▶ [DATASET EXCERPT]
========================================

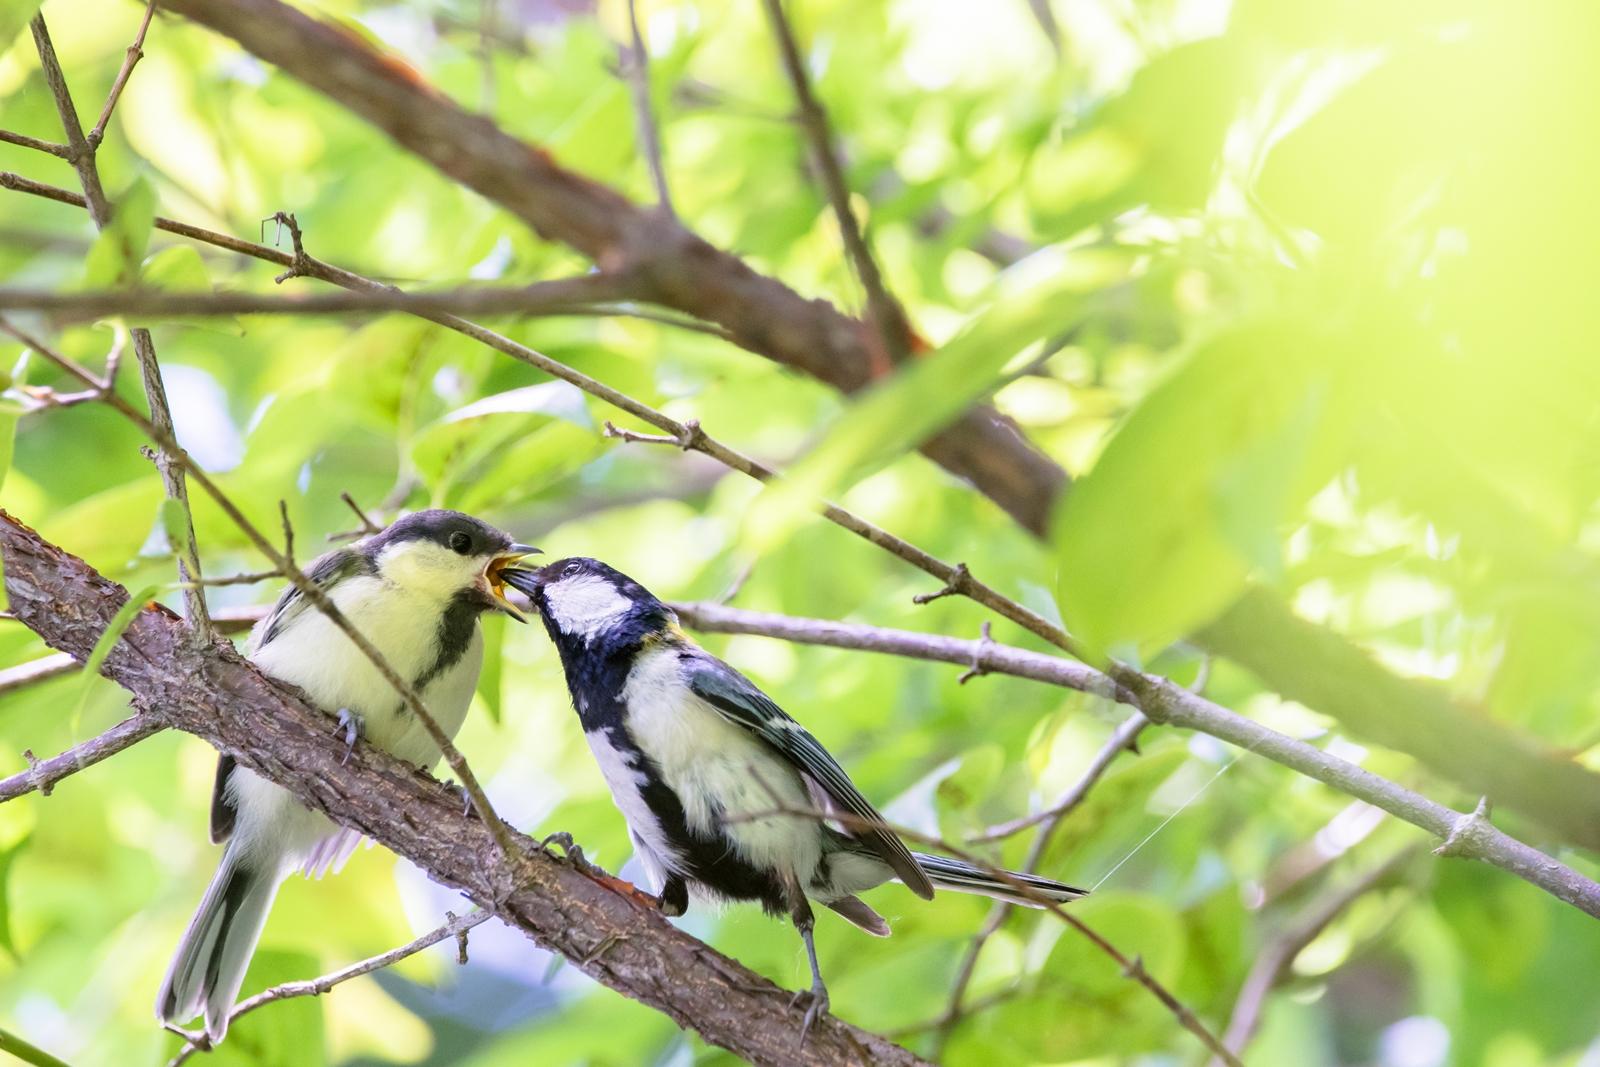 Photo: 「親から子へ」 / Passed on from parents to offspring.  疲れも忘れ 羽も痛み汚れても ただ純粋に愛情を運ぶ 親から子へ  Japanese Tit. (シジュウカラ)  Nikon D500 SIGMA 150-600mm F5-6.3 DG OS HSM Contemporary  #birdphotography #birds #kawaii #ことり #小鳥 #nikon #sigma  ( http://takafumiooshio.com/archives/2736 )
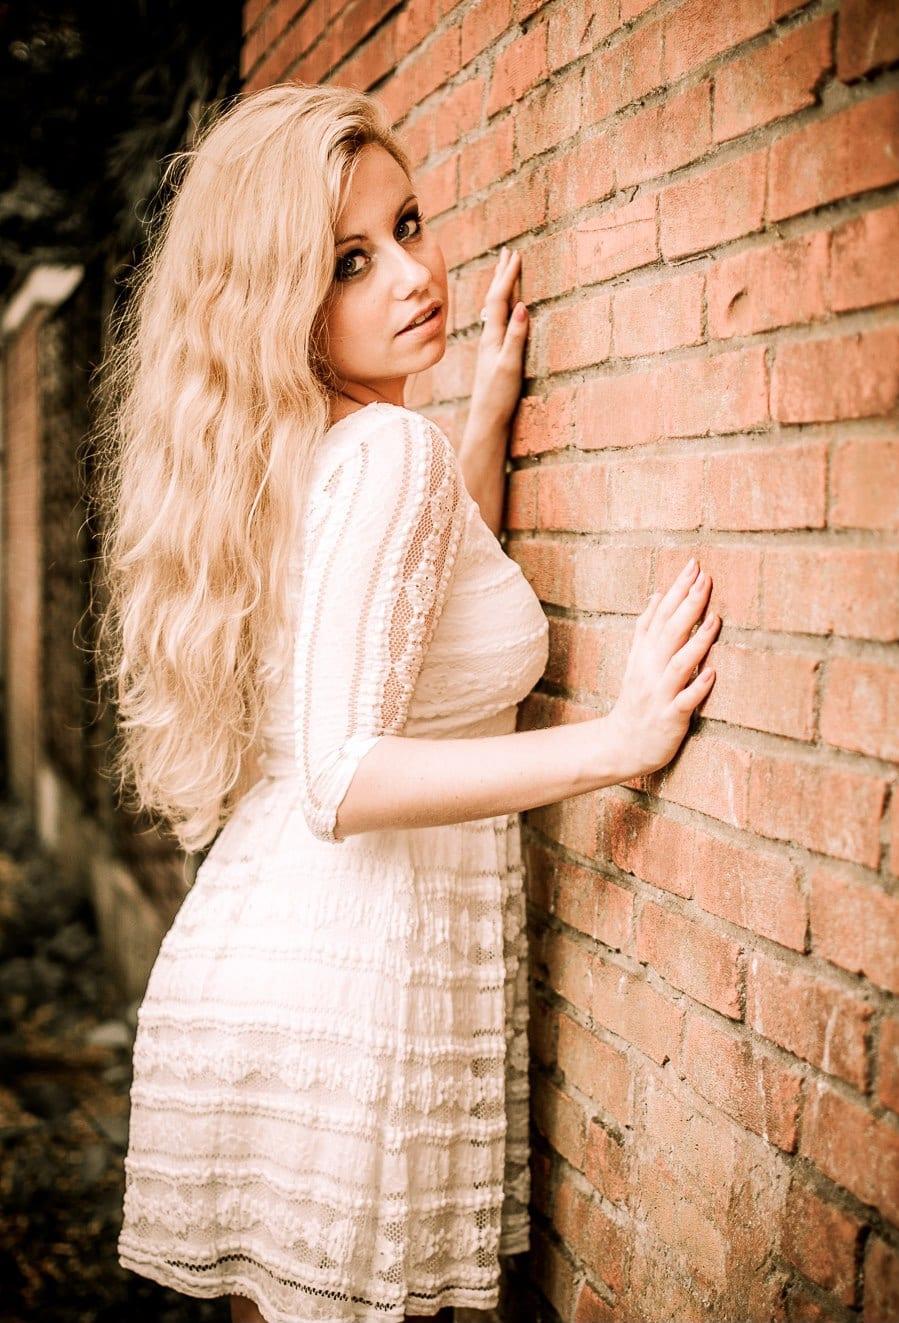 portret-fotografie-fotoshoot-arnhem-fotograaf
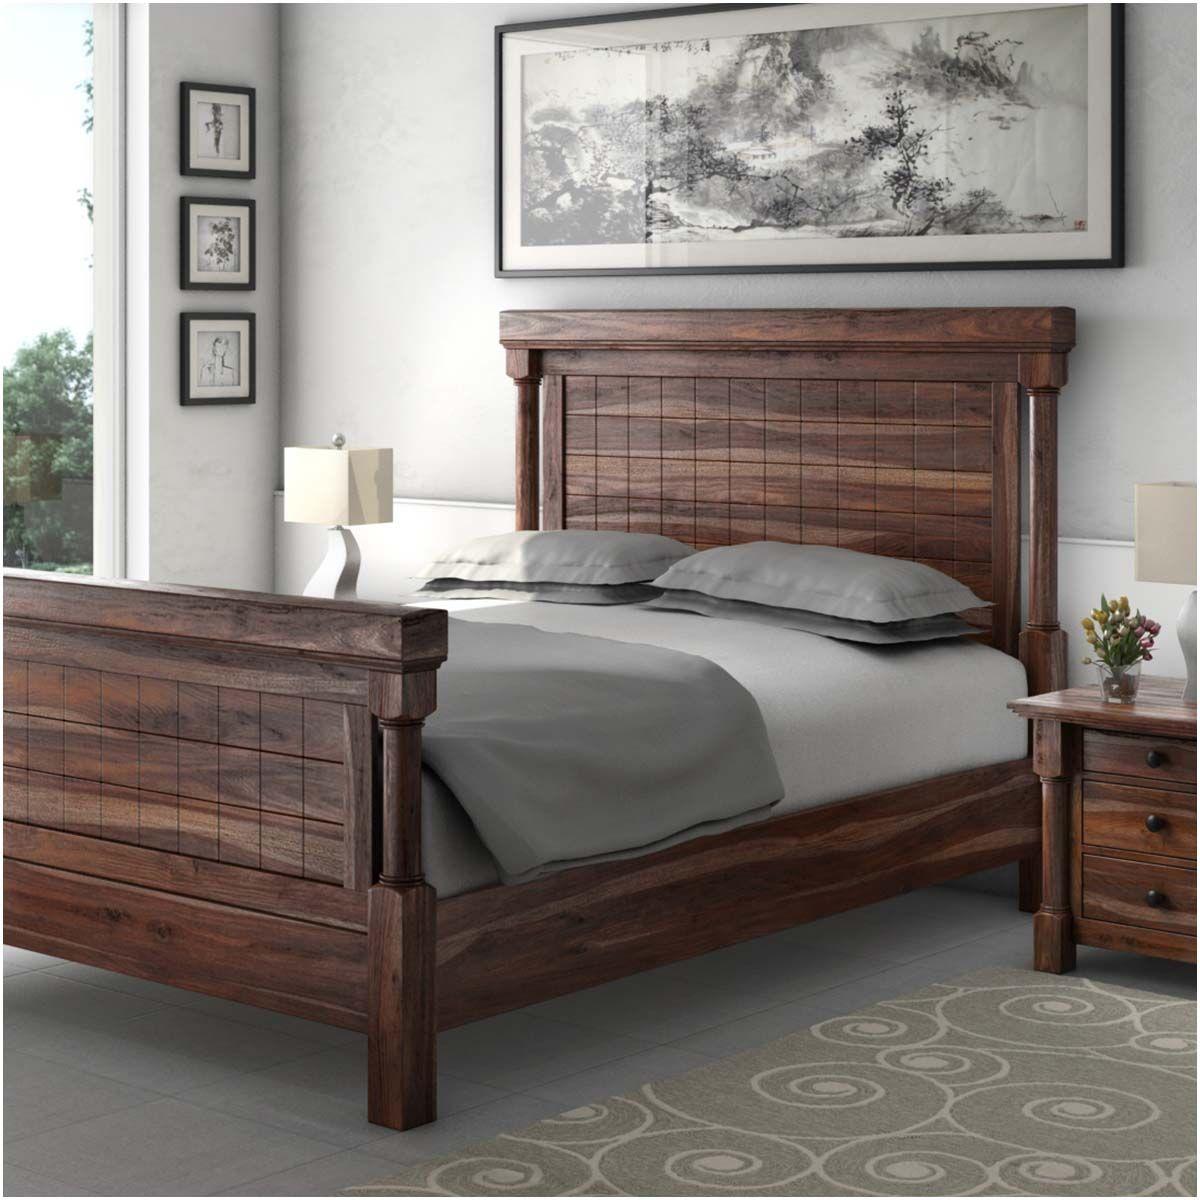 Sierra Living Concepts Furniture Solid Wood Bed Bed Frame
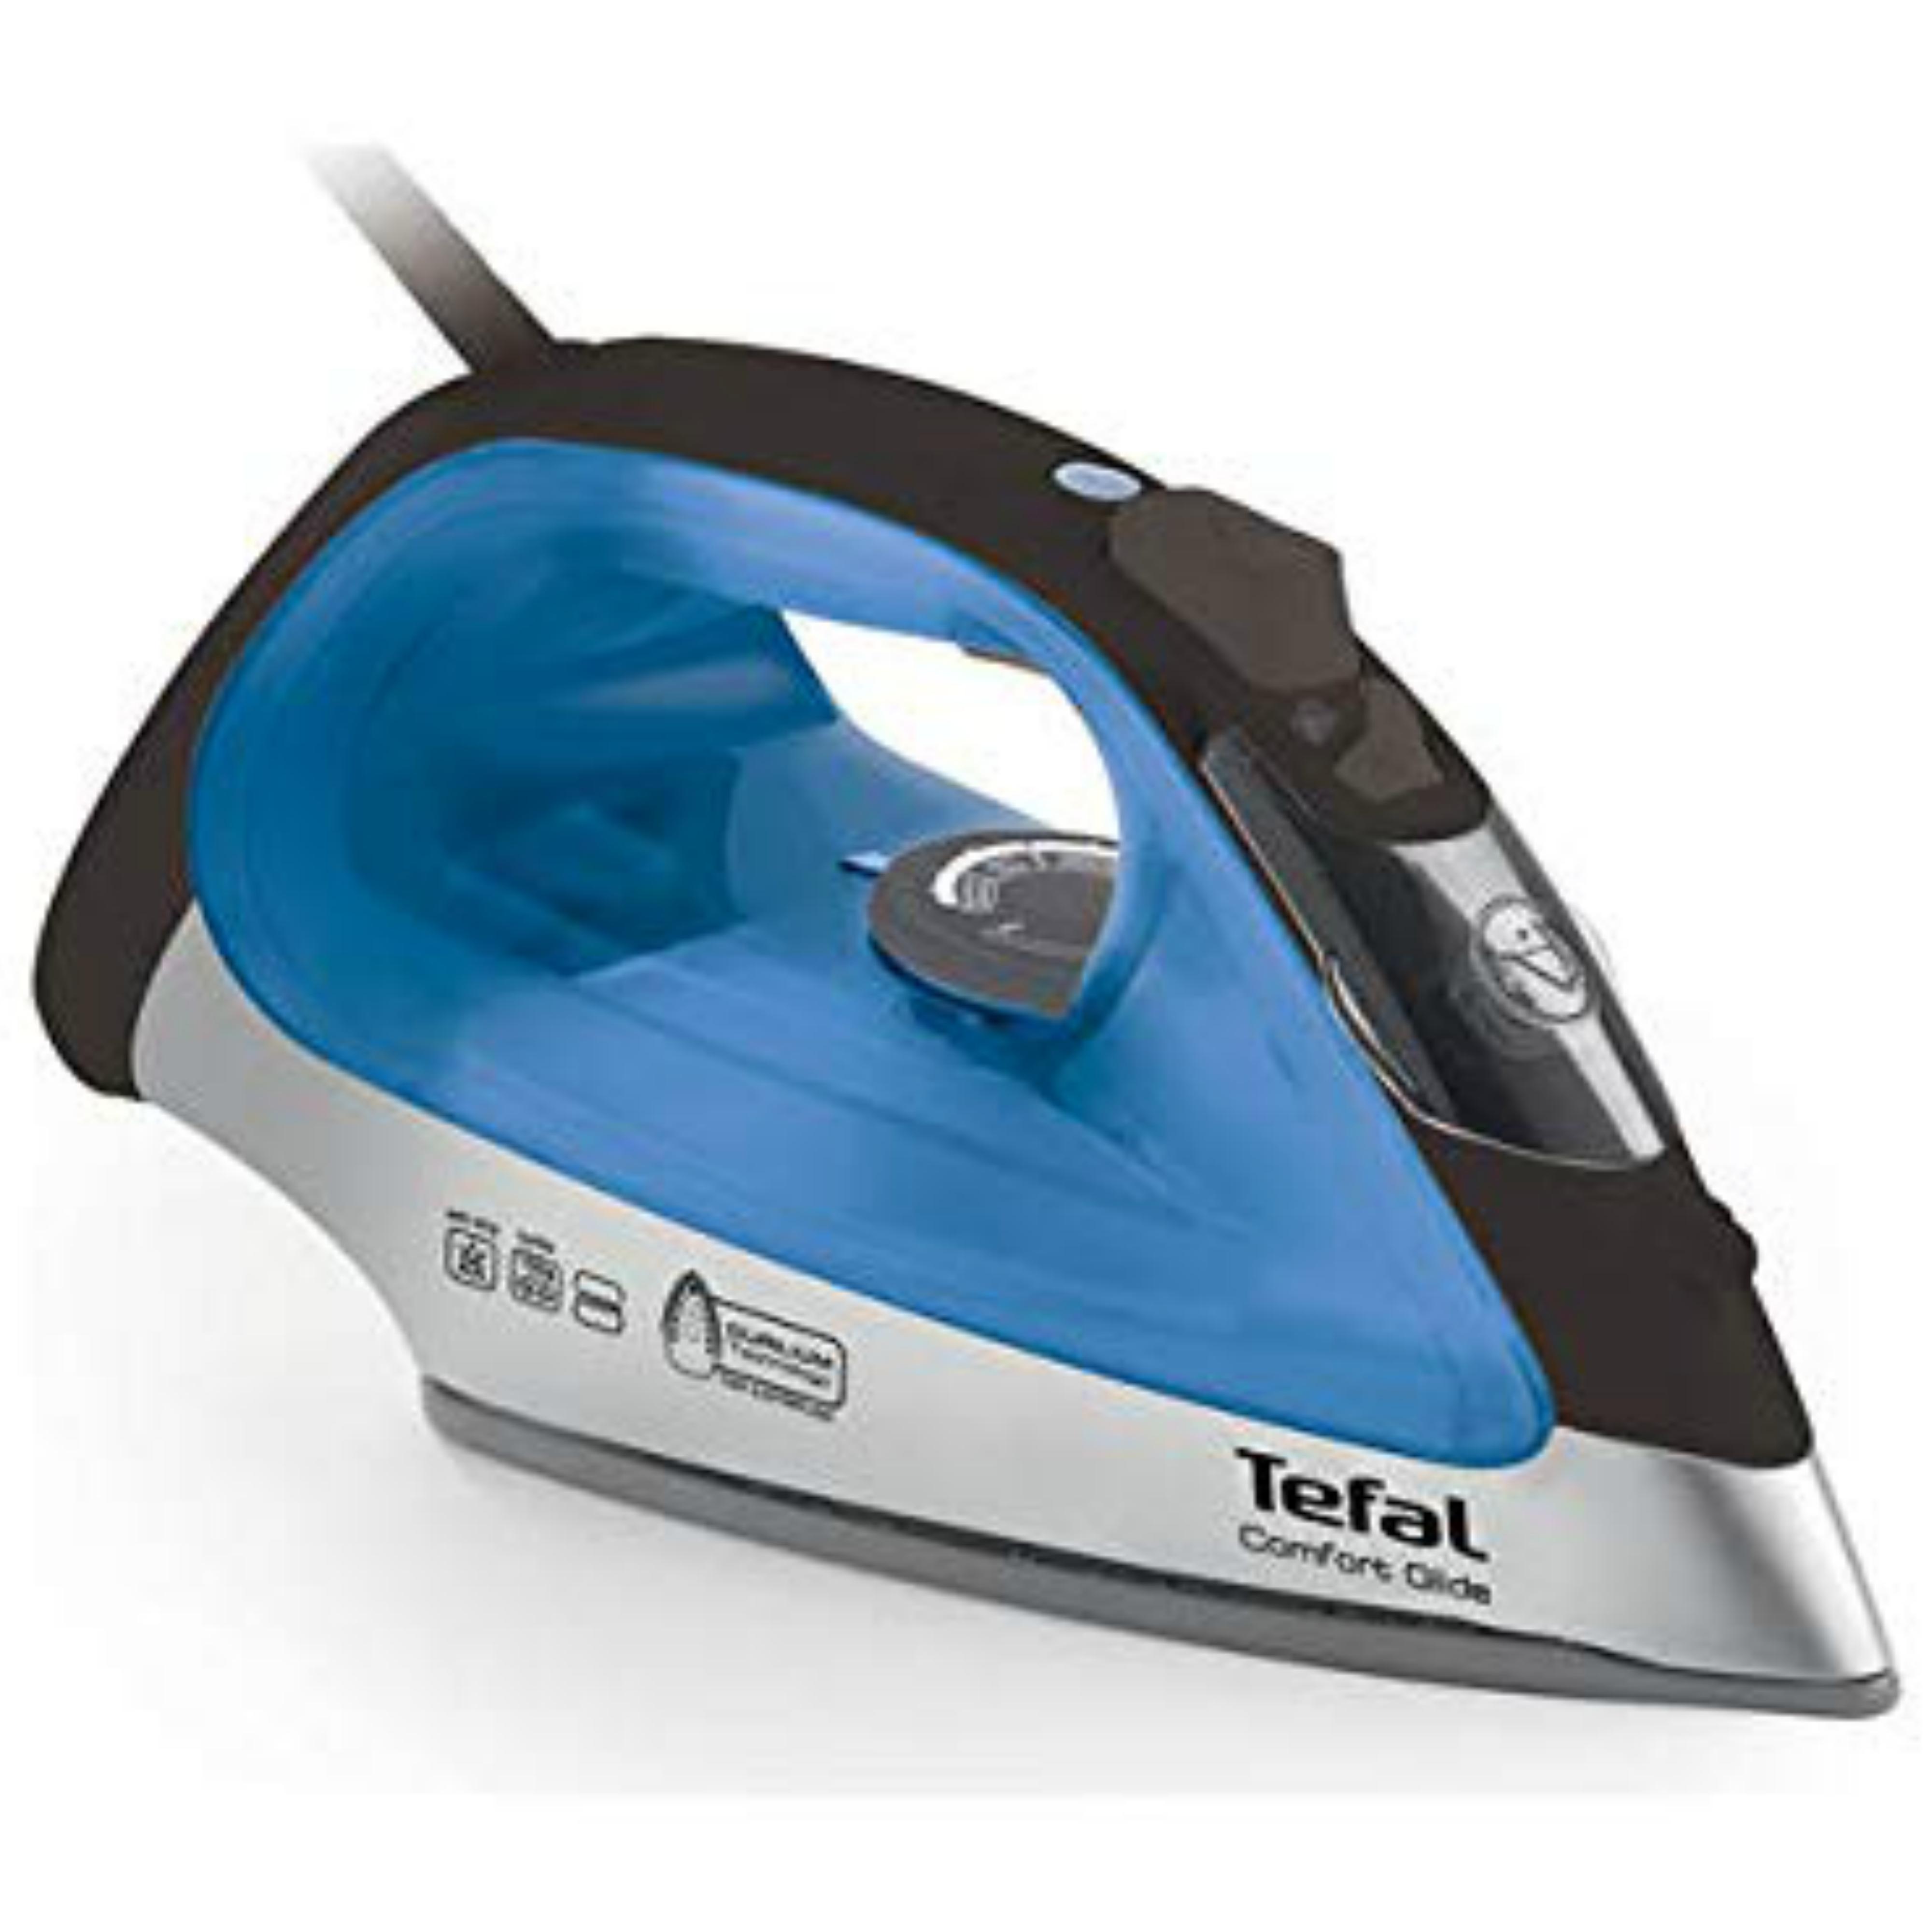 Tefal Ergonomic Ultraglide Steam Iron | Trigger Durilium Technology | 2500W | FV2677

========================================

▶ [WHAT NEEDS TO BE DONE]
Restate all of the material above word for word, excluding the pictures.

▶ [OUTPUT FOR THIS EXERCISE]
 Photo: 「親から子へ」 / Passed on from parents to offspring.  疲れも忘れ 羽も痛み汚れても ただ純粋に愛情を運ぶ 親から子へ  Japanese Tit. (シジュウカラ)  Nikon D500 SIGMA 150-600mm F5-6.3 DG OS HSM Contemporary  #birdphotography #birds #kawaii #ことり #小鳥 #nikon #sigma  ( http://takafumiooshio.com/archives/2736 )
 portret-fotografie-fotoshoot-arnhem-fotograaf
 Sierra Living Concepts Furniture Solid Wood Bed Bed Frame
 Tefal Ergonomic Ultraglide Steam Iron | Trigger Durilium Technology | 2500W | FV2677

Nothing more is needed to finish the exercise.